About this exercise – Reproduce the data that follows character for character, but omit its pictures.

Available data –
____

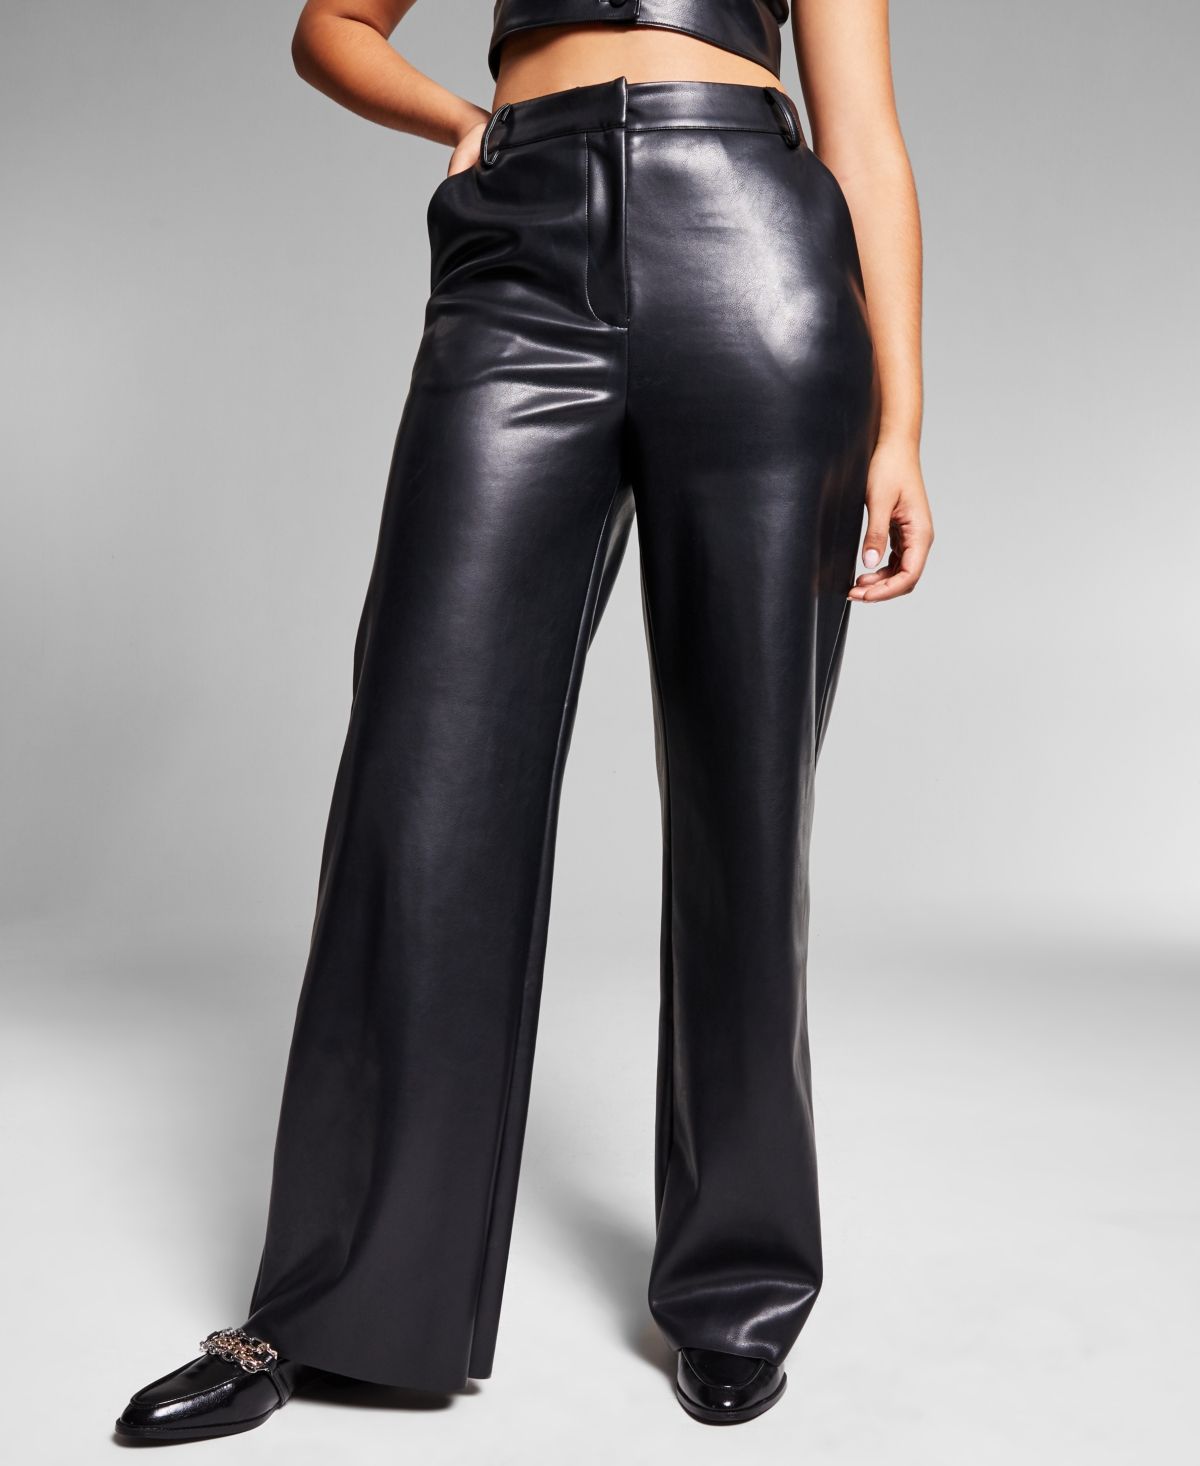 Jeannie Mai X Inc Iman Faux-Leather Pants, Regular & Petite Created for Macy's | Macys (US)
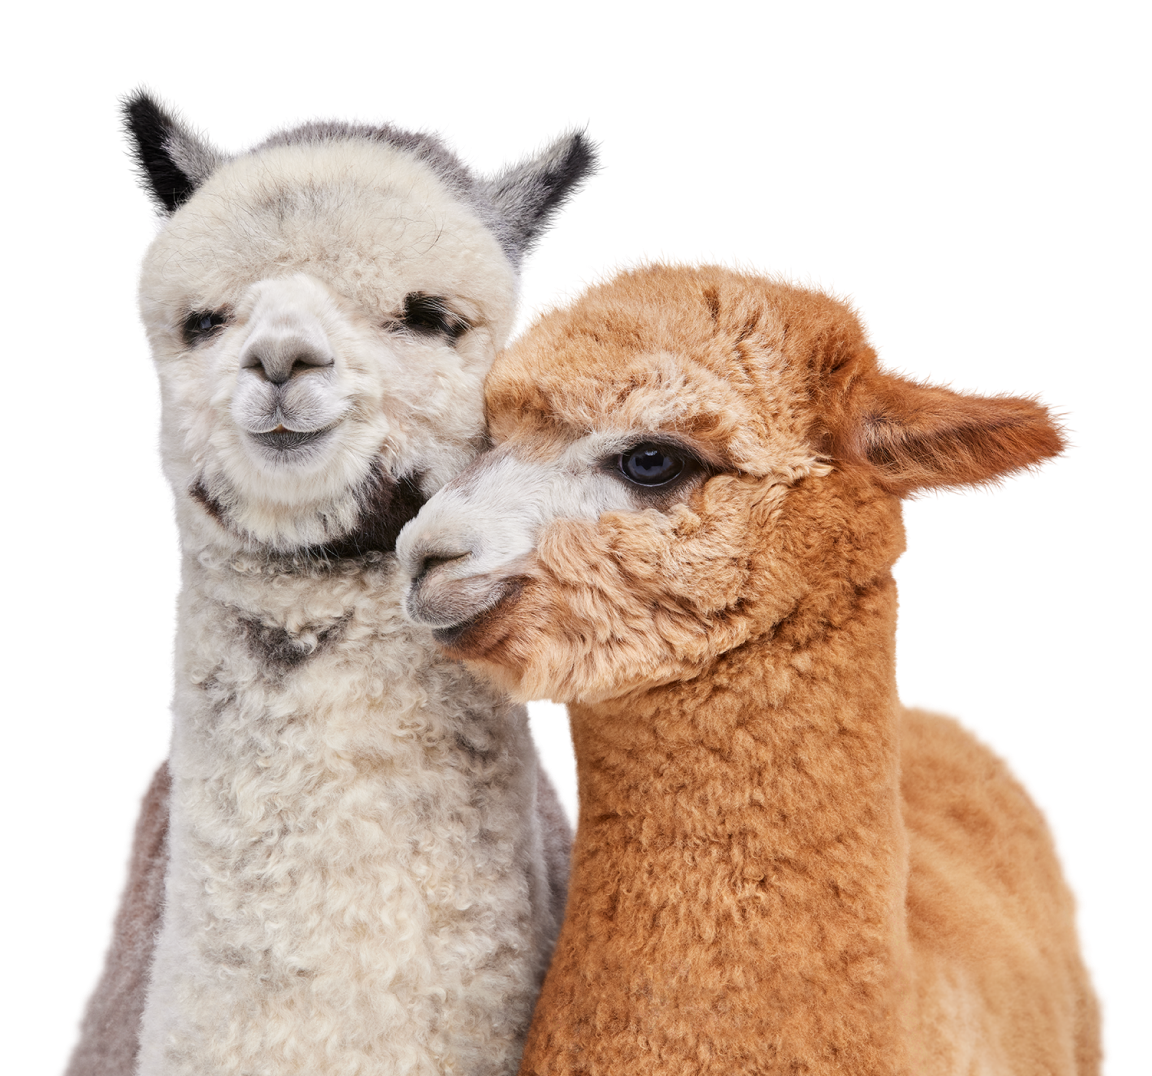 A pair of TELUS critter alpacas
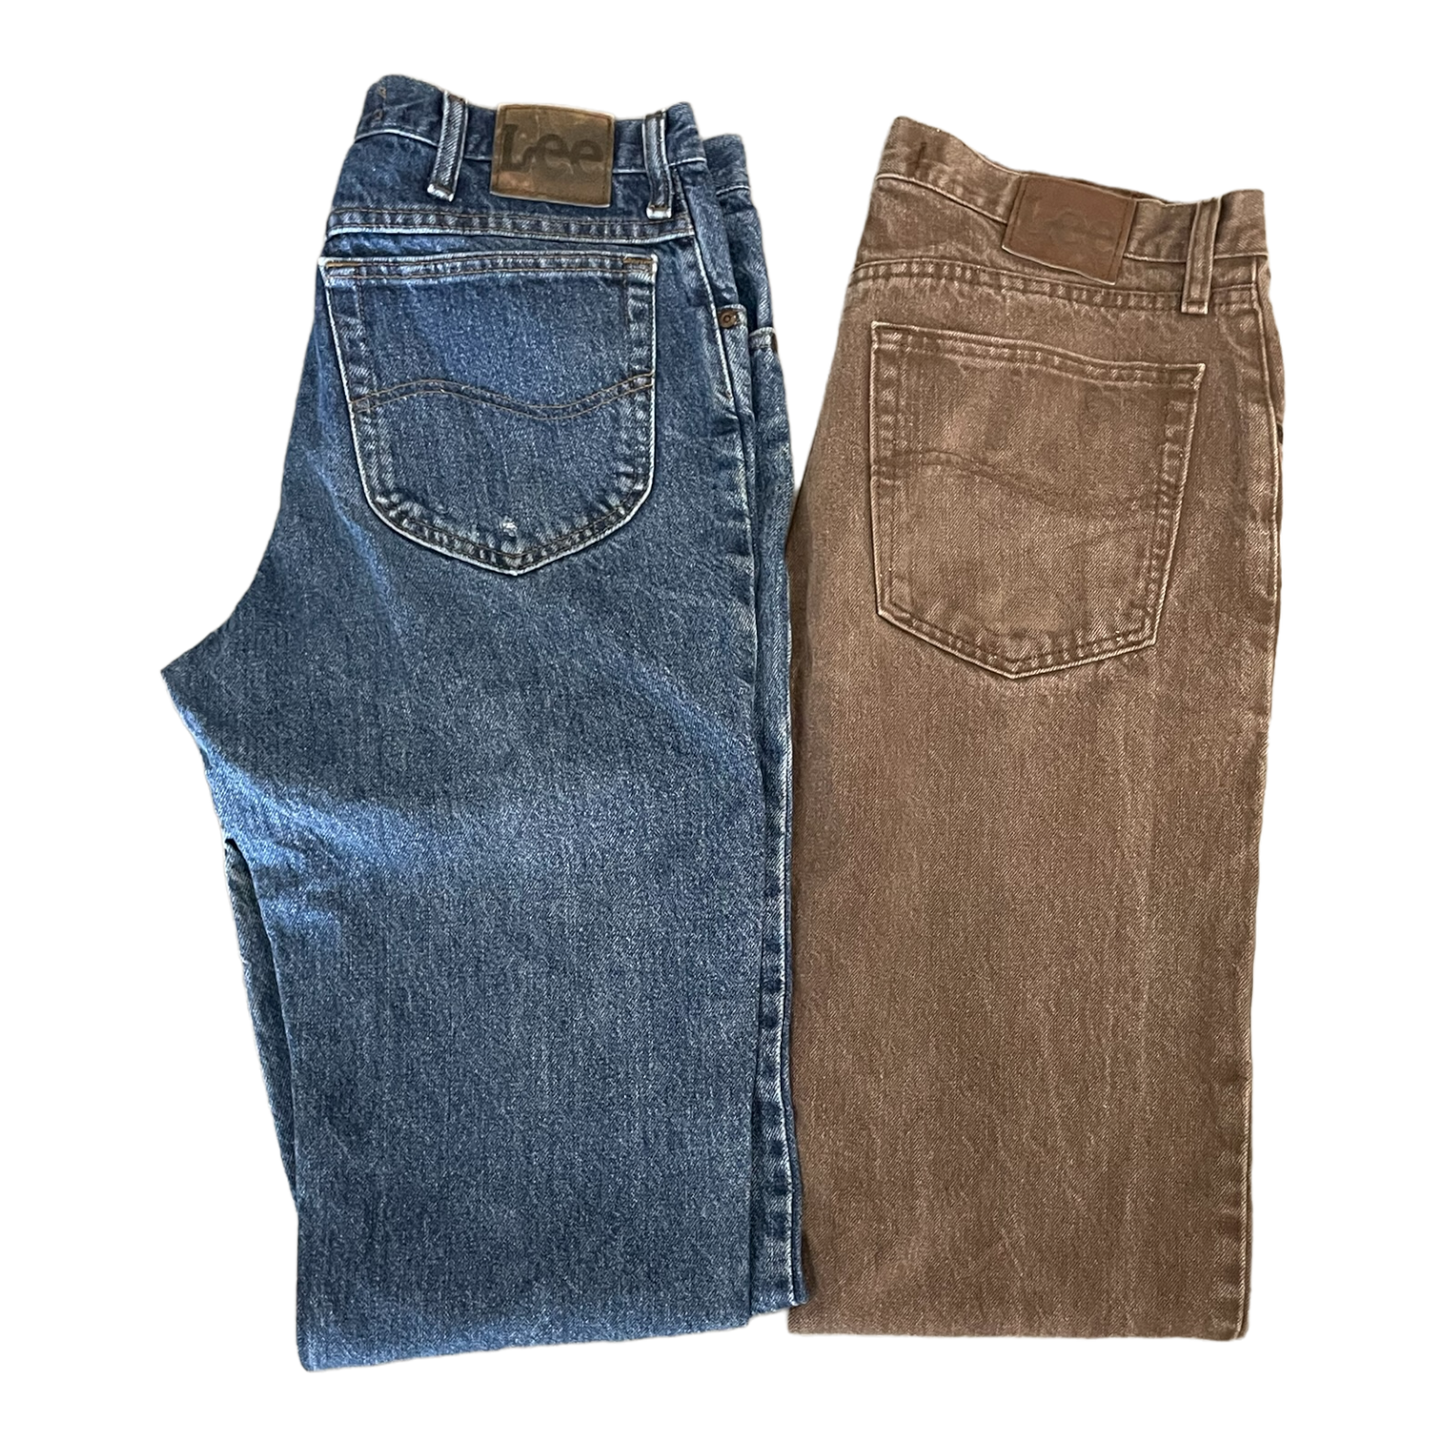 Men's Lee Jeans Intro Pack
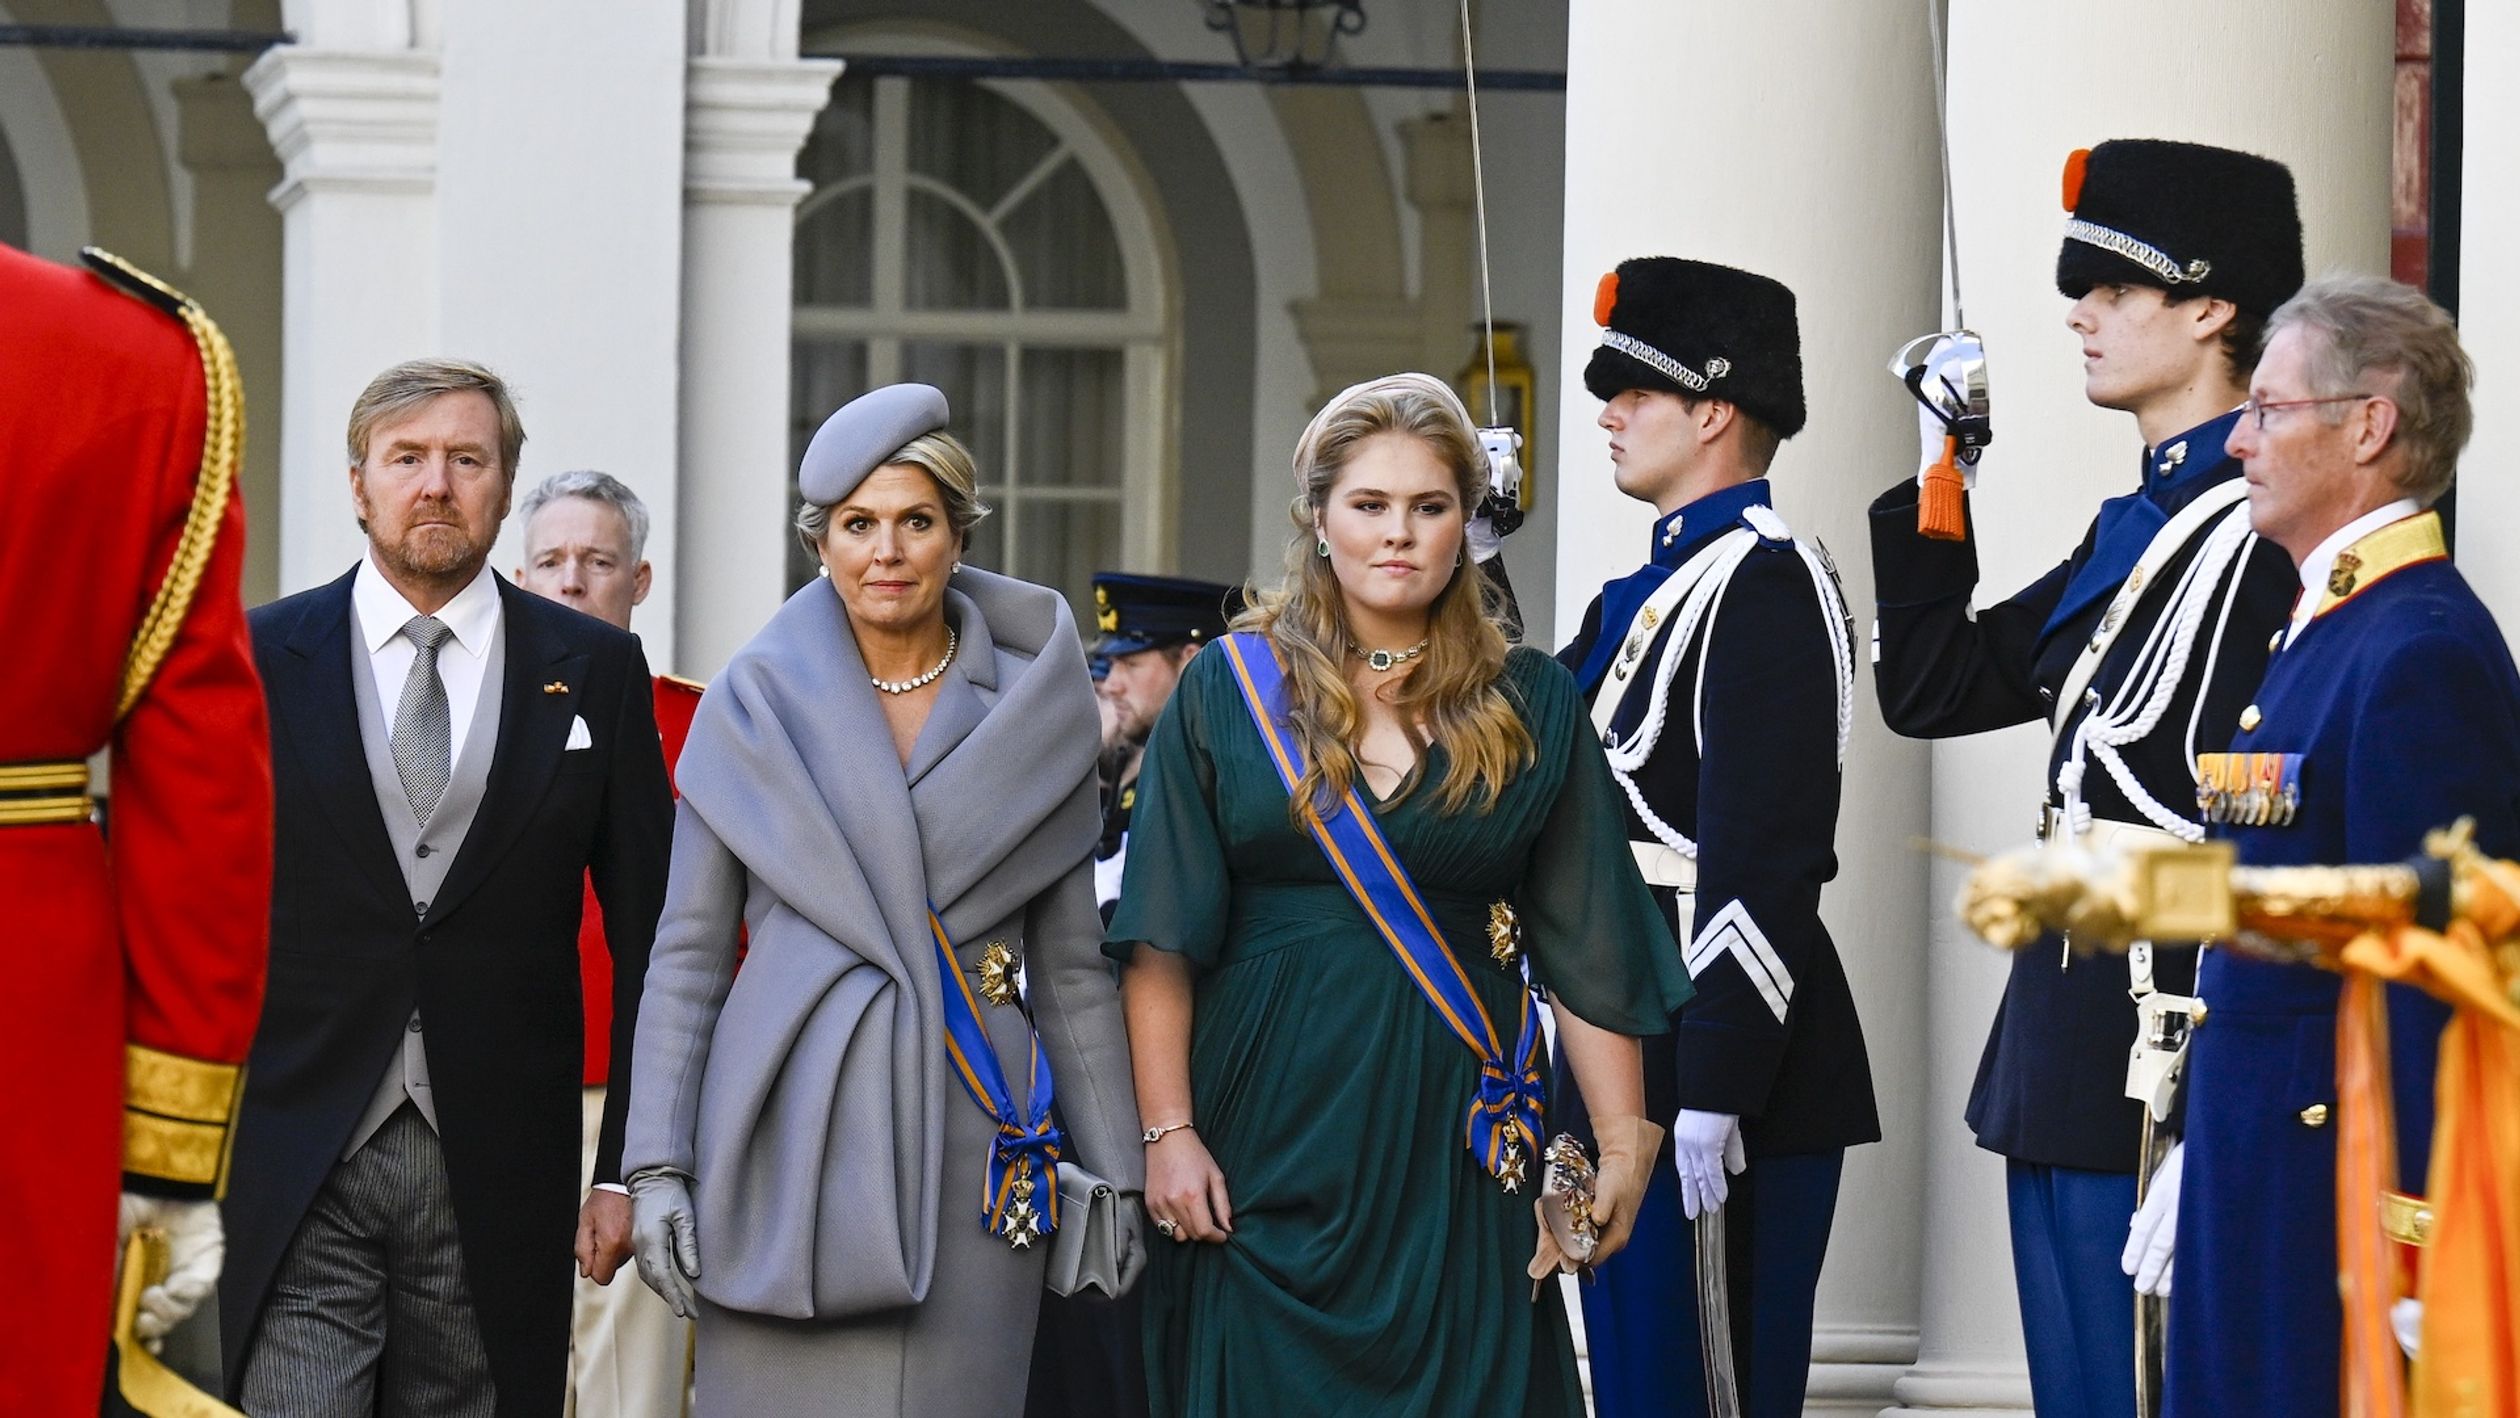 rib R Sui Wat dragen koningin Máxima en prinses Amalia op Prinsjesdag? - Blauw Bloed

____

Output –
 Jeannie Mai X Inc Iman Faux-Leather Pants, Regular & Petite Created for Macy's | Macys (US)
 A pair of TELUS critter alpacas
 Men's Lee Jeans Intro Pack
 rib R Sui Wat dragen koningin Máxima en prinses Amalia op Prinsjesdag? - Blauw Bloed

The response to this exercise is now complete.